In a somewhat different subsequent design, Gascoyne and Wang used four spiral microfabricated electrodes for dielectrophoretic separation of human leukemia cells from the normal cells. Figure 7.24 shows the leukemia cells concentrated toward the center of four spiral electrodes. In this design the normal cells are trapped on the electrode surfaces, and human leukemia cells are washed toward the center. Several other applications of dielectrophoresis can be found in (Gascoyne et al., 1992; Markx and Pethig, 1995; Markx et al., 1996; Fiedler et al., 1998; Cheng et al., 1998; Morgan et al., 1999).
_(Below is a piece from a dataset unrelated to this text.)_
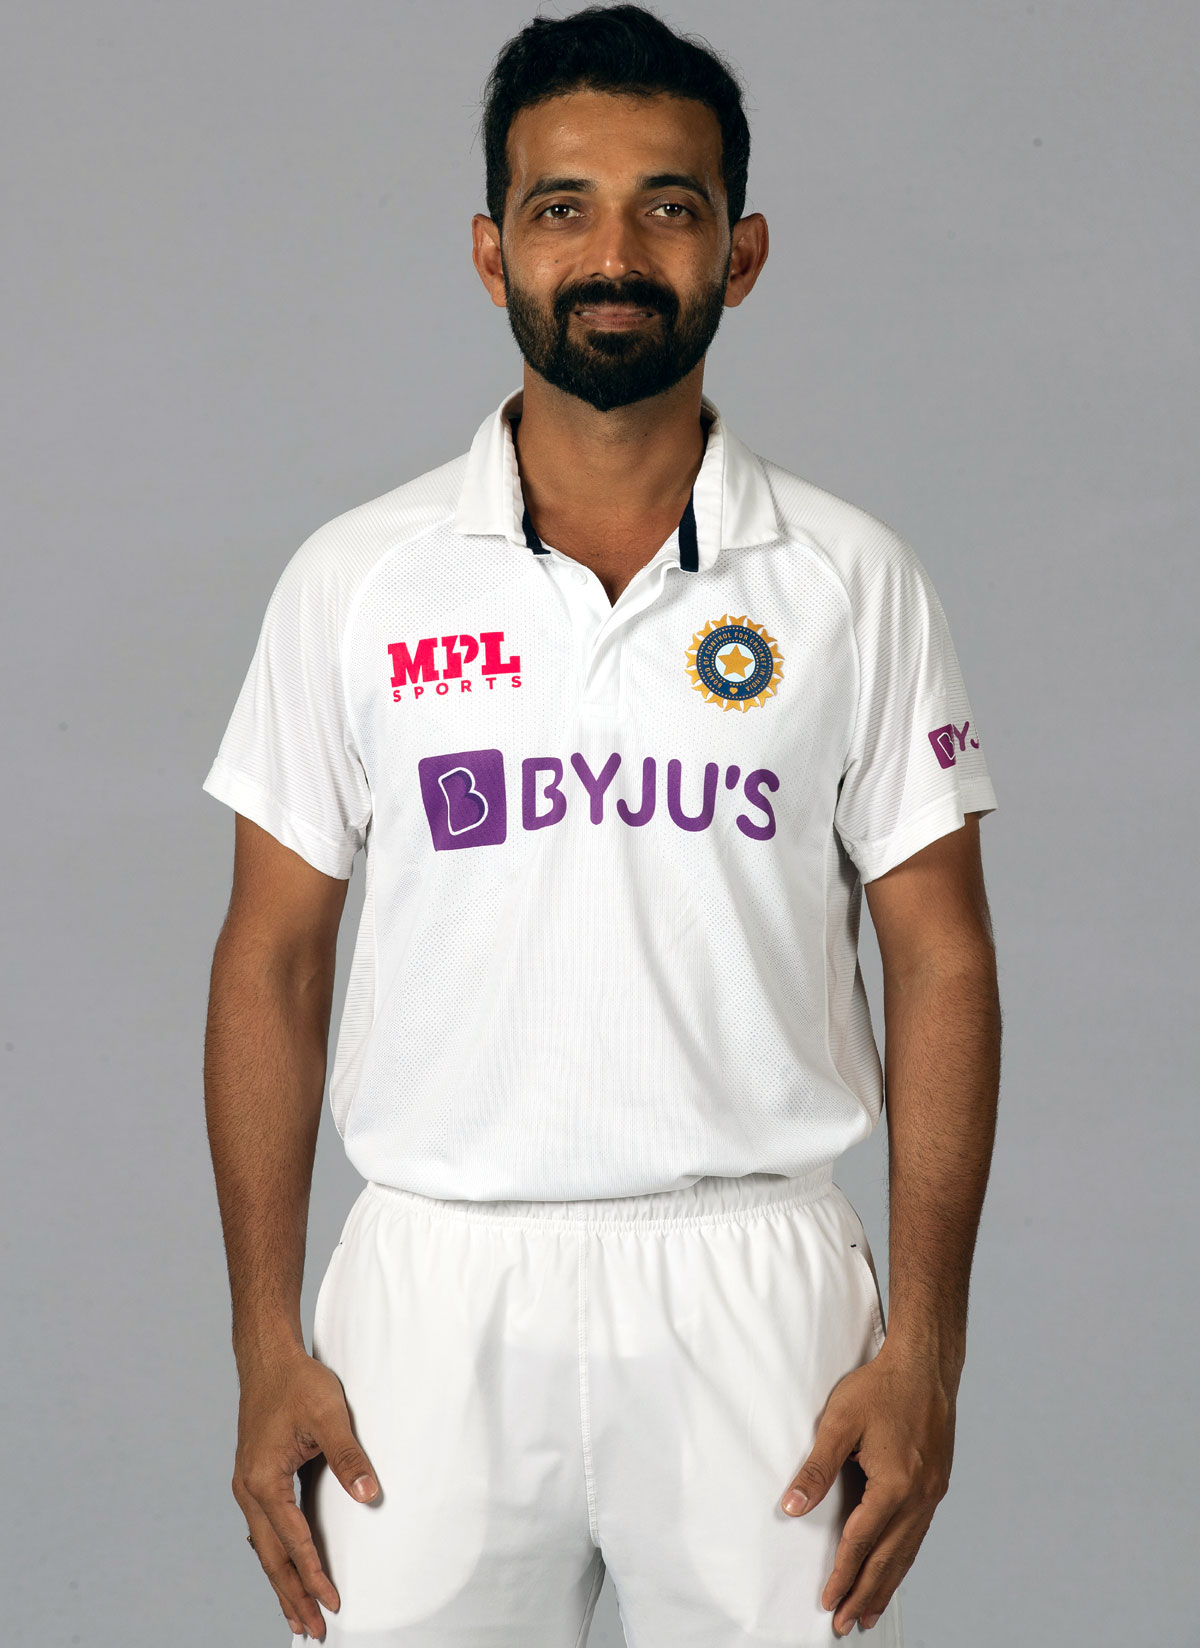 'Rahane, the glue that held team together last time'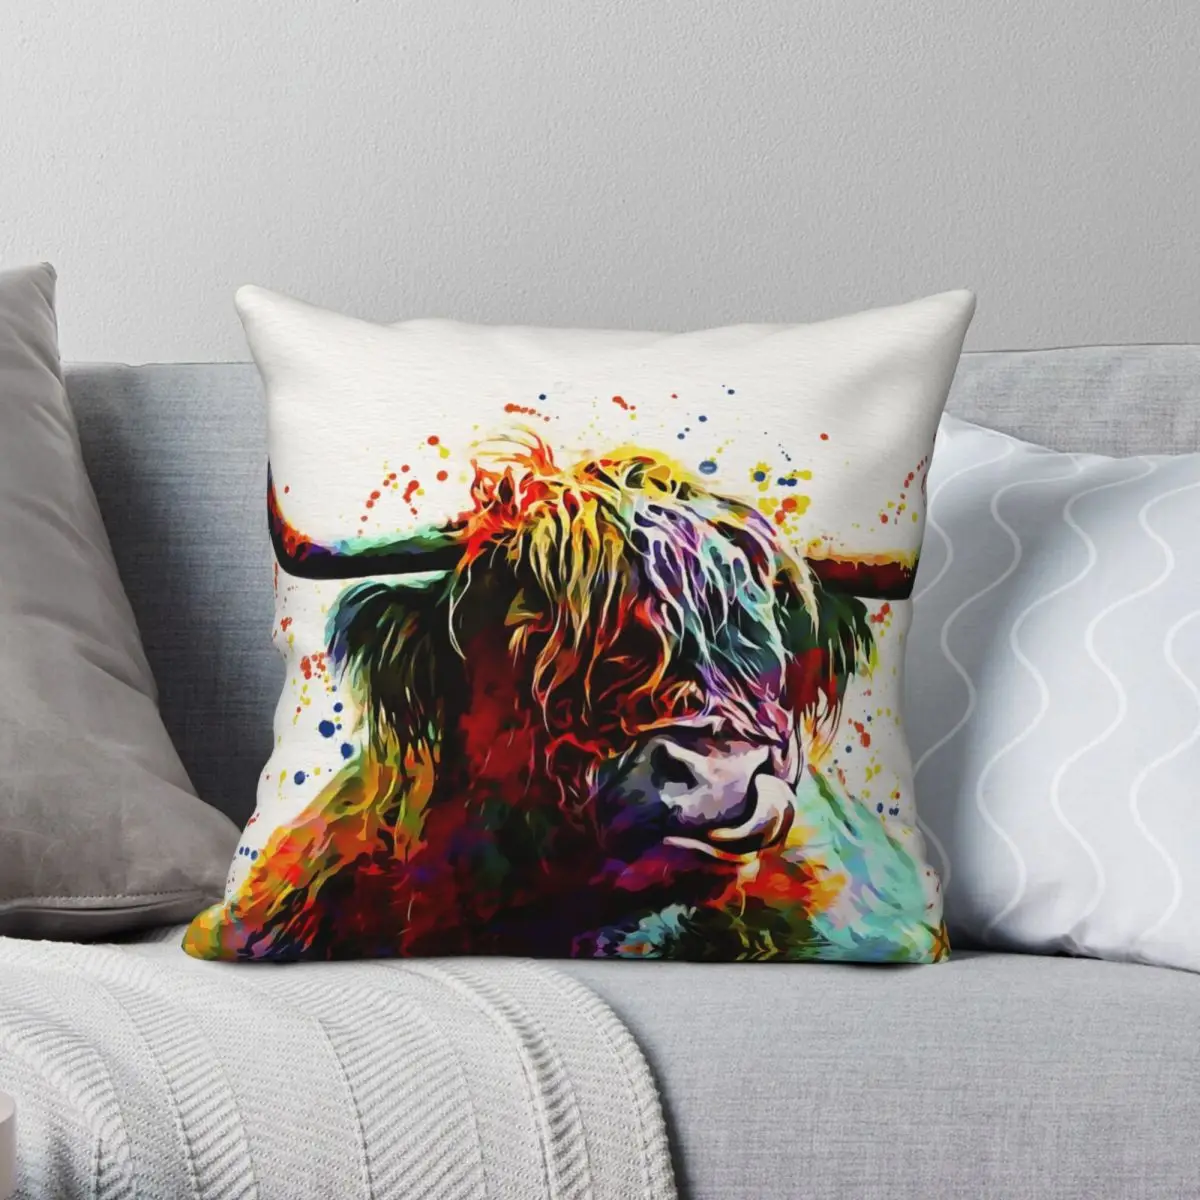 

Highland Cow Watercolor Square Pillowcase Polyester Linen Velvet Pattern Zip Decor Pillow Case Bed Cushion Cover

In a series of papers Gascoyne and coworkers have also utilized combined dielectrophoretic/gravitational field flow fractionation for cell separation on microfabricated electrodes (DeGasperis et al., 1999; Yang et al., 1999a; Yang et al., 2000). The gravitational field flow fractionation utilizes balance between the vertically applied dielectrophoretic forces and the gravitational forces for levitation of different particles to different heights in a miniaturized channel flow system. The bulk flow is pressure-driven in the axial direction, and it splits into two different outlet ports at a desired channel height, separating the heavier particles in the bottom exit port from the lighter ones in the top exit port. This particle separation system is free from any moving mechanical components.